Group II afferents from spindle secondaries also excite autogenic alpha motoneurones via mono & polysynaptic paths. Monosynaptic component involves about 50% of the motoneurones that are excited by Ia gamma motoneurones. highly responsive to elect stim of group II afferents (but not clear how much of this group II input is purely spindle in origin).
Classical stretch reflex 'the capacity of a muscle to resist extension' is sum of these spindle projections to muscle. The monosynaptic Ia component is responsible for the 'tendon jerk' . The 'tonic stretch reflex' is mainly disynaptic or polysynaptic.
Monosynaptic component thought to be unaffected by supraspinal inhibition (no interneurone for synaptic modification to occur), but presynaptic inhibition is possible. Reflex tension produced by maintained stretch depends on excitation from Ia and II afferents and autogenic inhibition from Ib tendon afferents. Ib are weakly autogenically inhibitory to gamma motoneurones, especially dynamic gamma motoneurones. Tonic stretch reflex also very dependent on supraspinal input to associated interneurones and so only operate when CNS 'wishes them to do so'.
Added to this must be a consideration of the mechanical properties of muscle.. length/tension relationship, although physiologically the muscle is always near optimum.
Spinal interneurones are an important target for supraspinal control and gating of reflexes, e.g. in walking cycle.
Renshaw cells may be an important stabilising factor on a and spinal interneurones as well as gamma motoneurones.
Jenddrassik manoeuvre. Tendon jerk is reinforced by clenching fists or jaw. Gamma pathway is centrally facilitated rendering spindle more sensitive to stretch.
Silent period. During a maintained voluntary contraction apply a maximal shock to a muscle nerve. Get a direct excitation in EMG followed by a silent period (80ms in human adductor pollicis). During the silent period the muscle is in tension above the voluntary level and the spindles are unloaded .. Ia discharge falls and reflex support of a motoneurones is lost. Longer latency human stretch reflexes.
Stretching relaxed or contracting muscles.
In a cat stretching a relaxed muscle produces a reflex development of tension with a large monosynaptic component. There is a background discharge in spindles at rest. In man this is less so and little reflex contraction in resting muscle. In contracting muscle however there is a powerful tonic stretch reflex. There is a monosynaptic component (M1) but functionally most of the response is at longer latency (M2). This could come from group Ia or group II inputs via polysynaptic spinal pathways (as shown for group II) or via higher centres, even cortex. Voluntary responses (M3) are at even longer latencies.
Gain of tonic stretch reflex in man varies with load (or rather force developed by muscle). Hence at strong voluntary contraction levels, large reflex tensions can also be developed.
Central Control of Dynamic & Static Fusimotor Neurones. Dynamic and Static fusimotor neurones are under separate central control. Fusimotor activity can be modified by stimulation of many areas of the CNS. Dynamic responsiveness of primaries greatly reduced by repetitive stimulation of anterior cerebellum.

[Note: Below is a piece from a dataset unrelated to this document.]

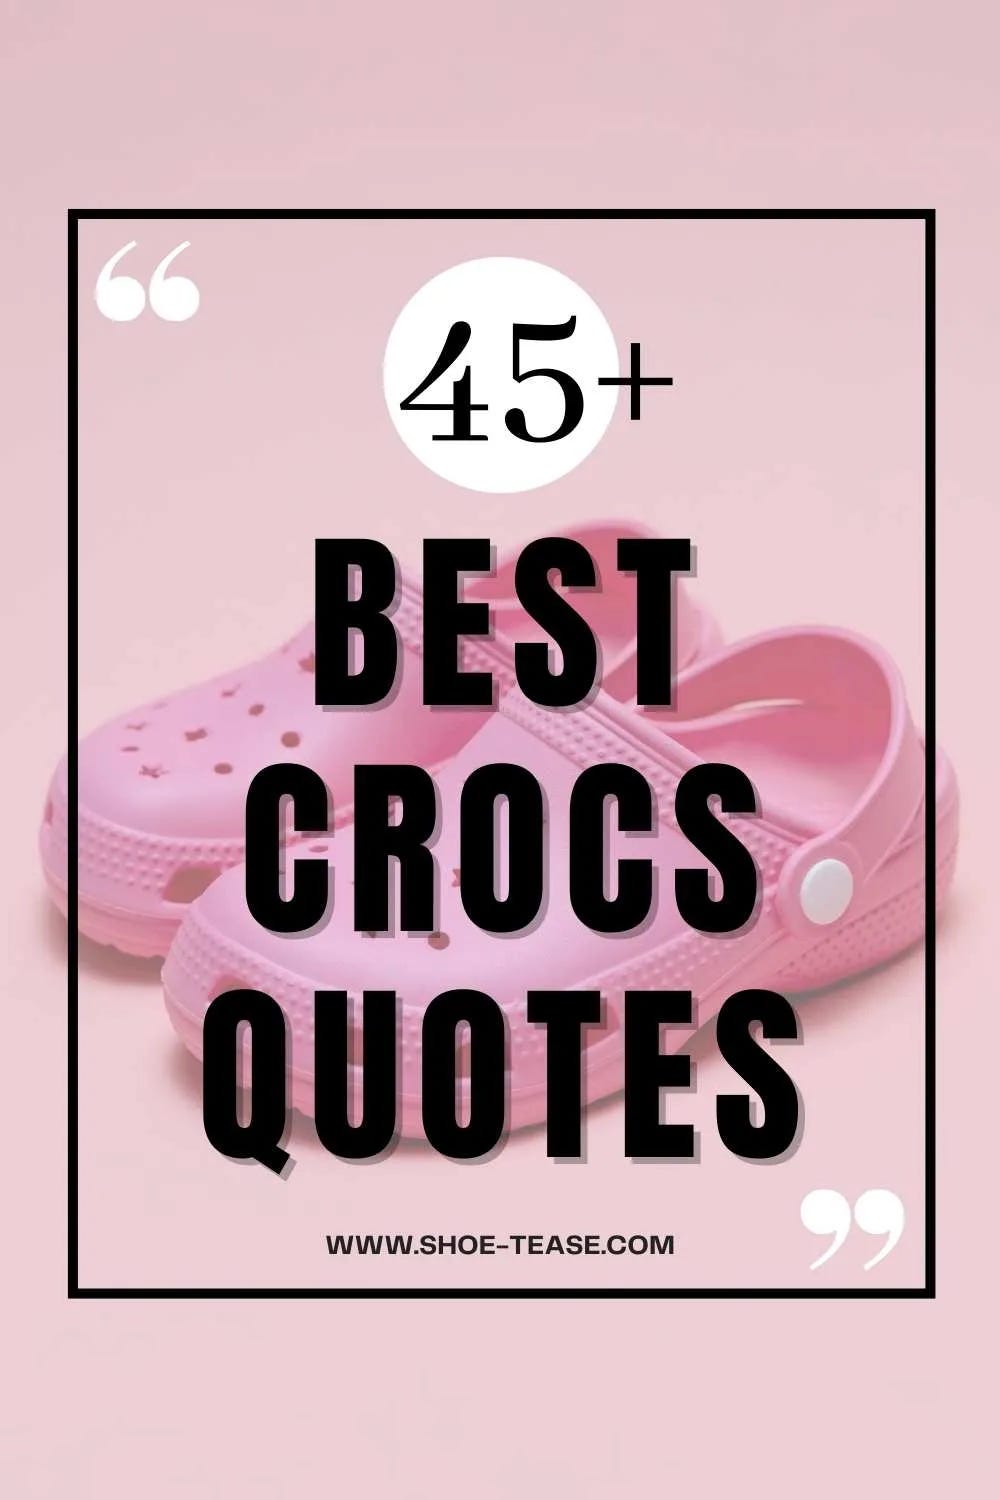 crocs slogan

There are separate corticospinal dynamic and static fusimotor pathways (differential respose to anaesthesia). Varying cortical stimulation strength recruits in order Sb2, chain, Db1 but all respond less than in normal function.
Basal ganglia damps down facilitatory reticular influence on gamma motoneurones.
Substantia nigra inhibits static gamma motoneurones when rostrally stimulated, and dynamic gamma motoneurones when caudally stimulated.
Red nucleus. Clear specific facilitation of dynamic fusimotors to flexors and extensors independent of a motoneurones. ('mesencephalic area for dynamic control').
Lateral Vestibular Nucleus: facilitates static gamma motoneurones in extensors. Also static gamma - alpha monosynaptic coactivation. (Sb2 or chain?).
Cerebellum complicated by the fact that it controls red nucleus, vestibular nucleus etc...
Thus there is clear evidence that dynamic and static gamma motoneurones are controlled independently by CNS and that coactivation involves static gamma motoneurones.